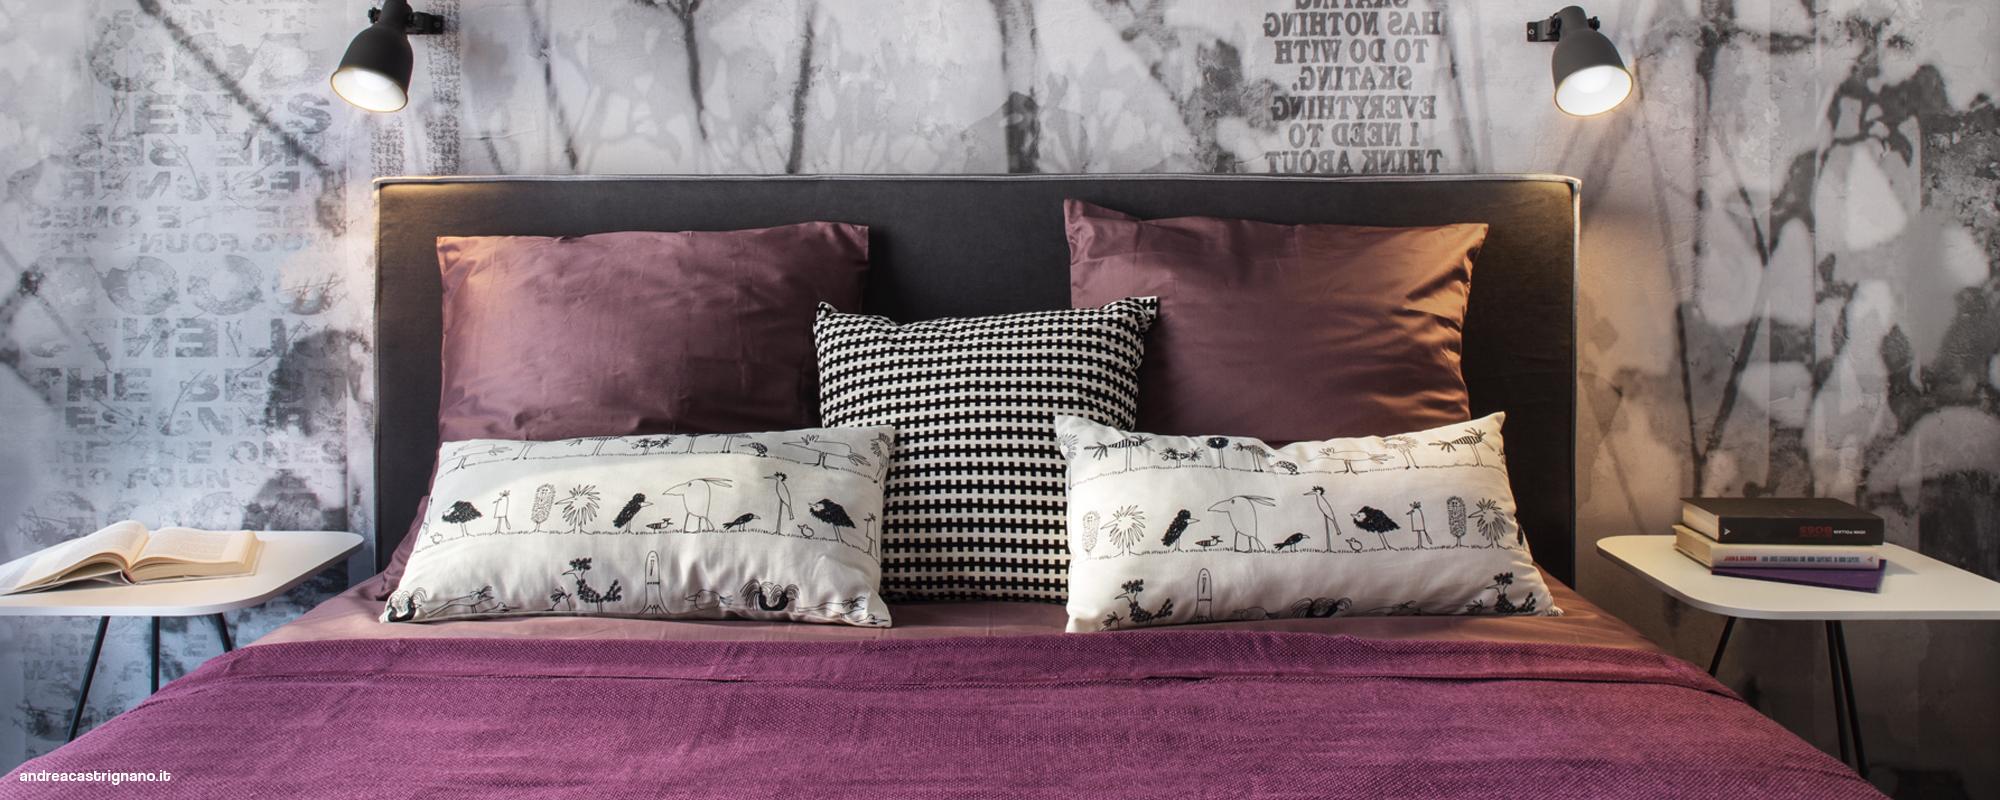 Rivoluzione low cost: 7 mosse per trasformare la camera da letto ...
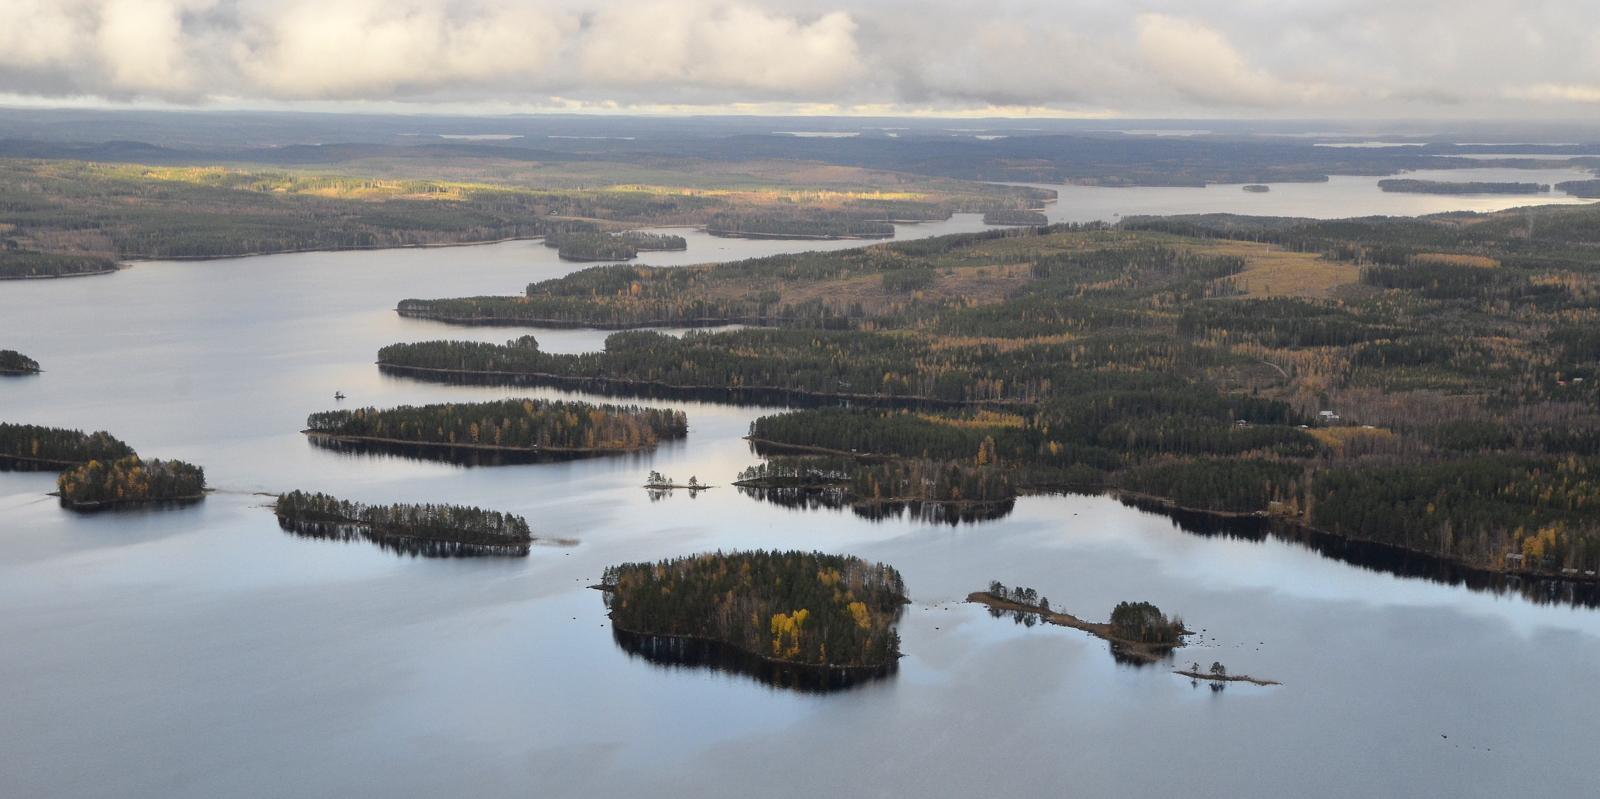 Ruotinkylän kupeella, Ääneselän puoleisia saaria. Oikealla näkyy Ukonselkää, jonne suuntaan lentoni.
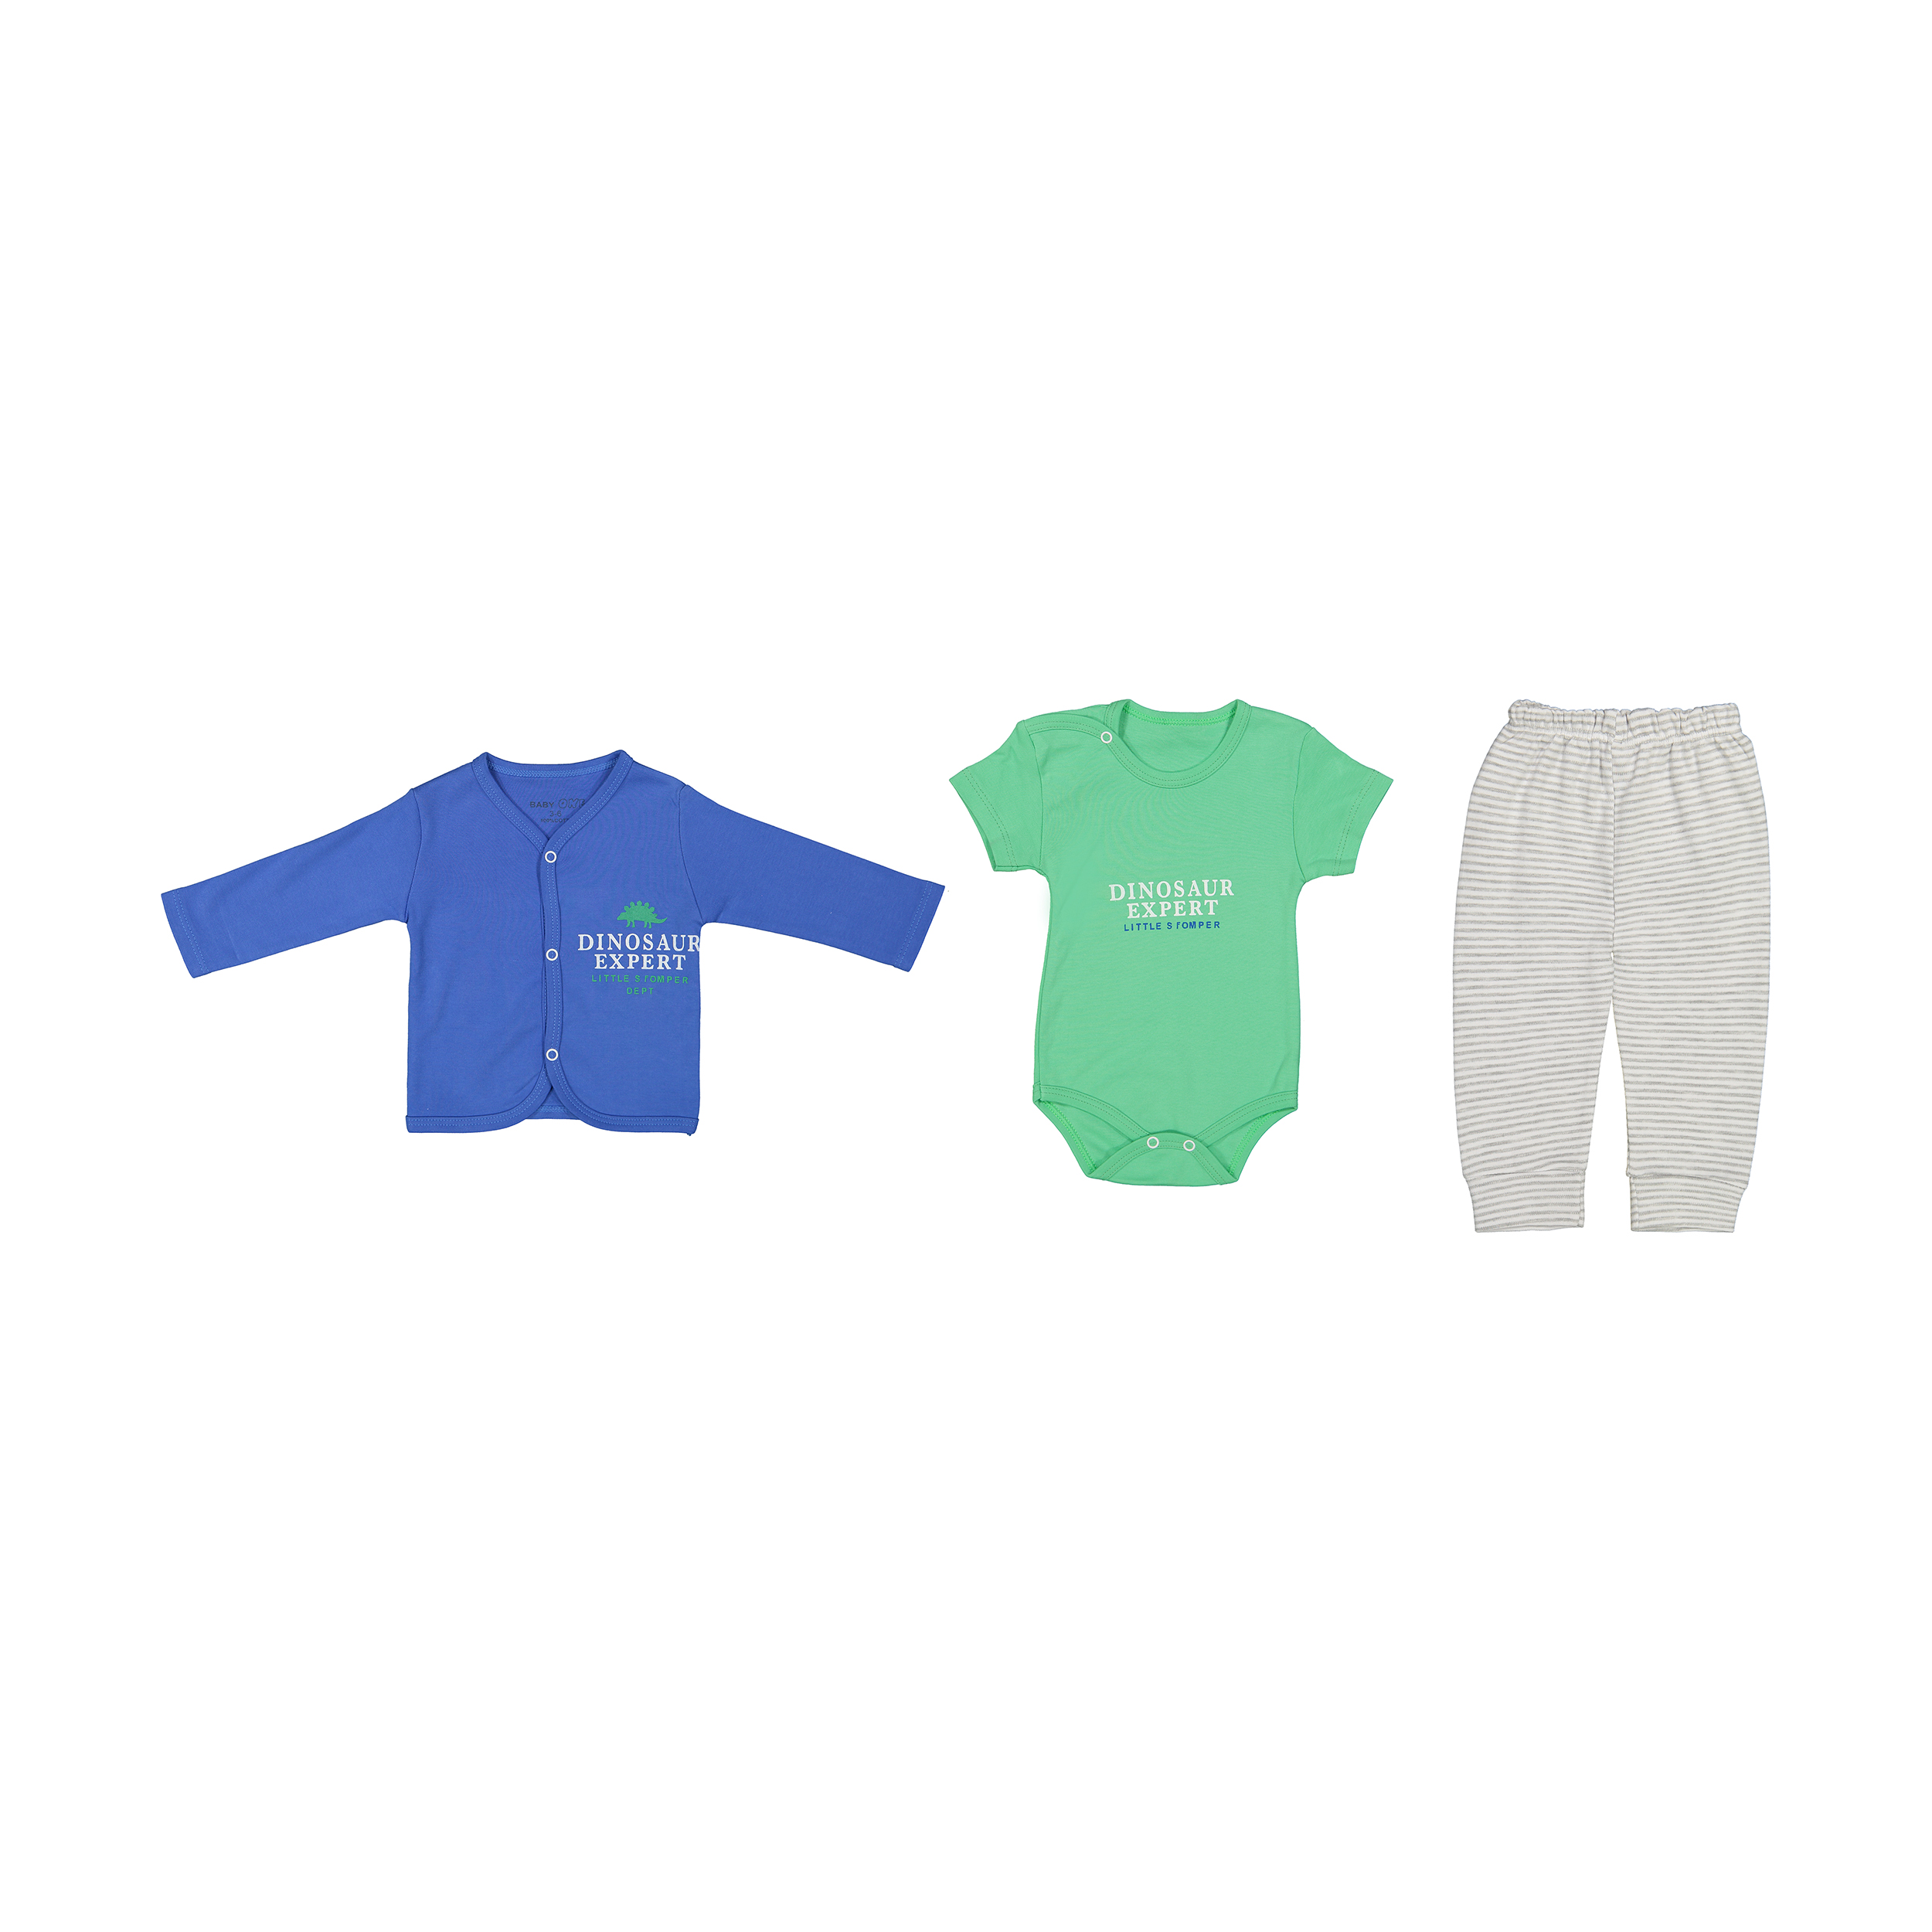 ست 3 تکه لباس نوزادی بی بی وان مدل دایناسور کد 468
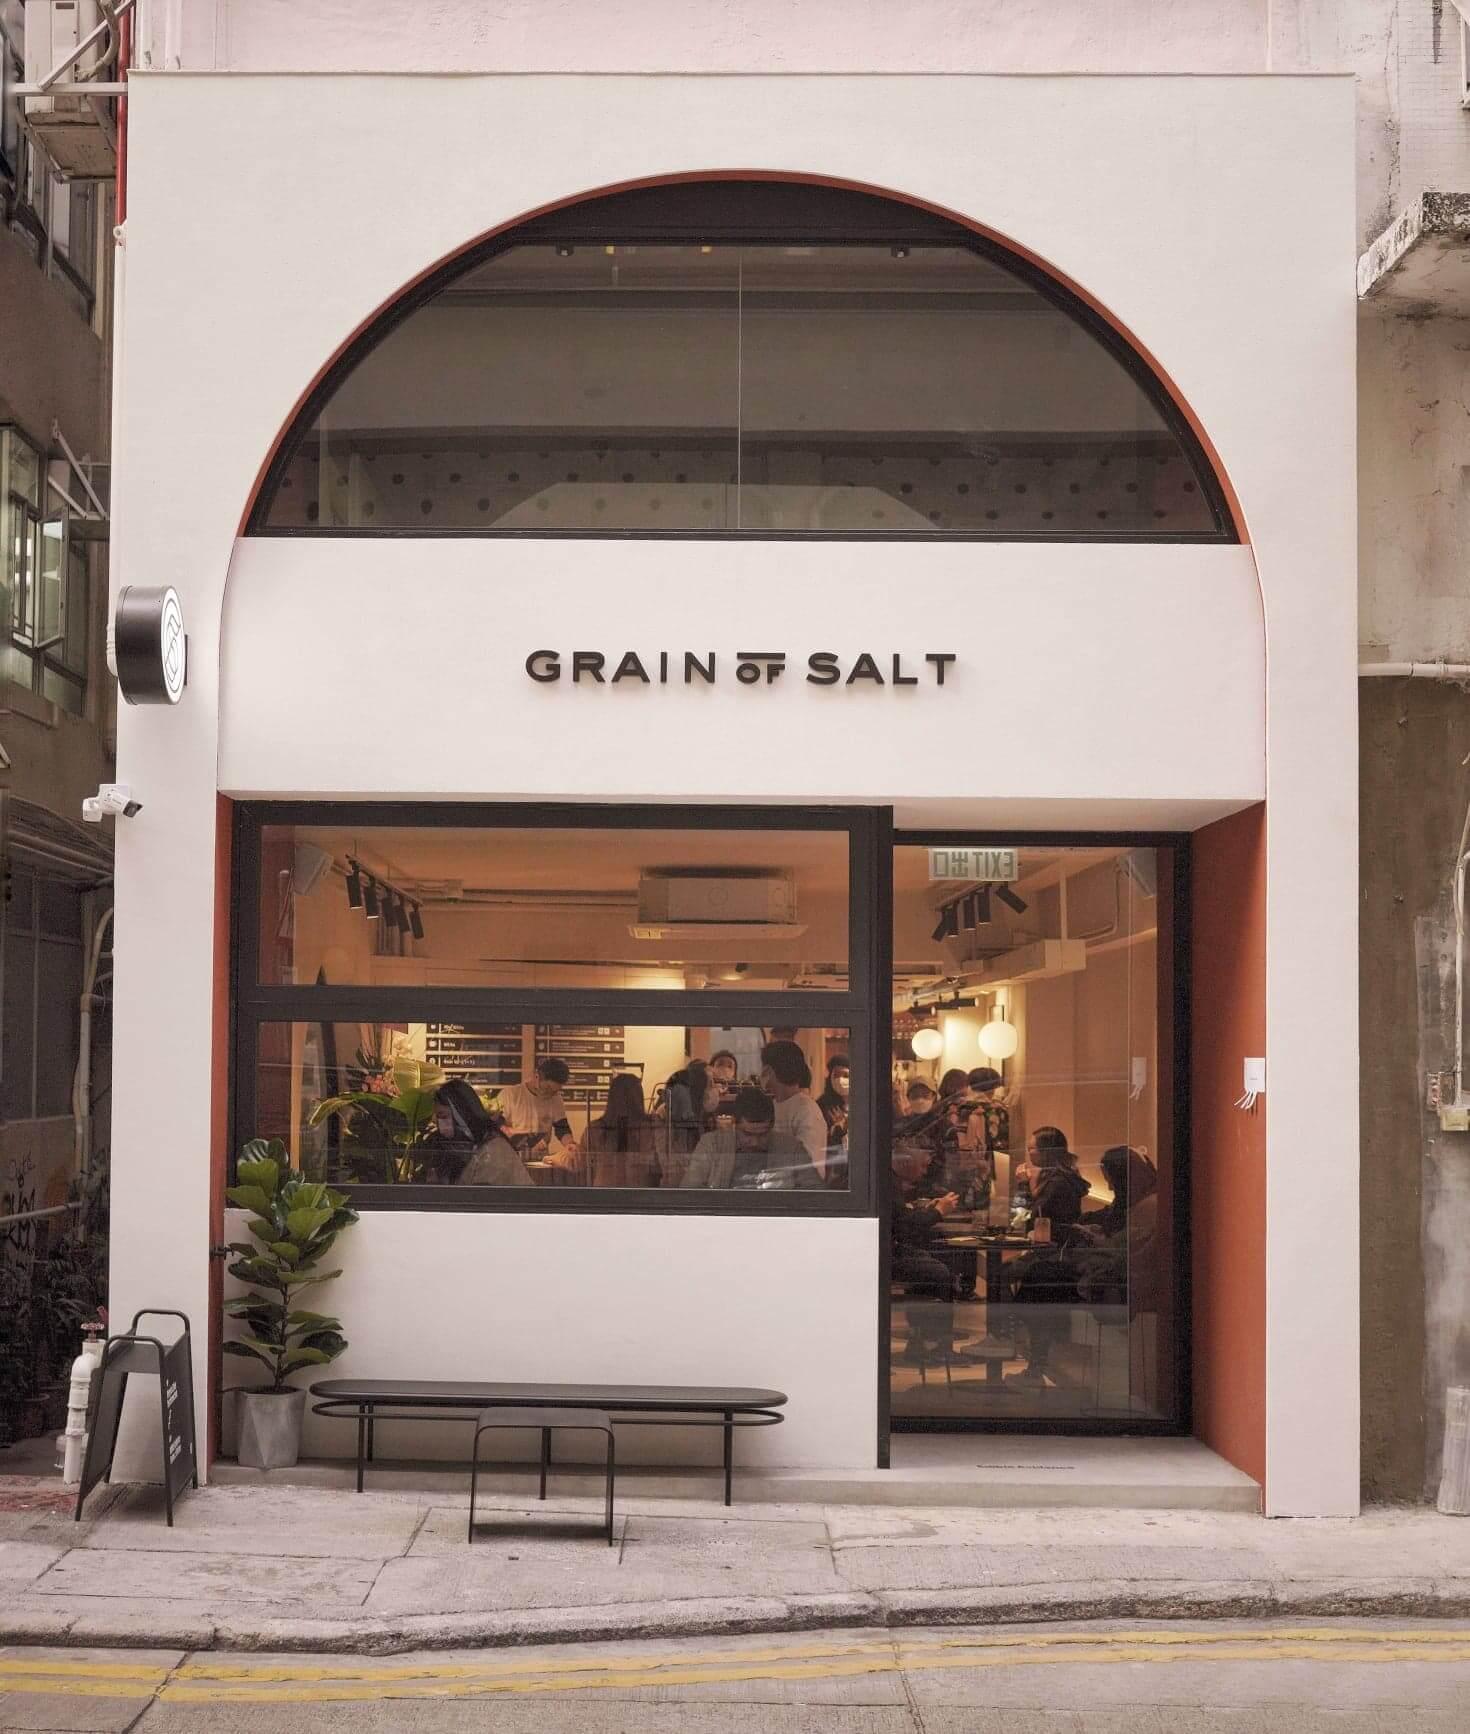 今年1月18日開幕嘅Grain of Salt,橘白色圓拱門外觀令人難忘!

TASK STATEMENT: Repeat each line above exactly as it reads, omitting any pictures.

SOLUTION:
 Rivoluzione low cost: 7 mosse per trasformare la camera da letto ...
 Ruotinkylän kupeella, Ääneselän puoleisia saaria. Oikealla näkyy Ukonselkää, jonne suuntaan lentoni.
 ست 3 تکه لباس نوزادی بی بی وان مدل دایناسور کد 468
 今年1月18日開幕嘅Grain of Salt,橘白色圓拱門外觀令人難忘!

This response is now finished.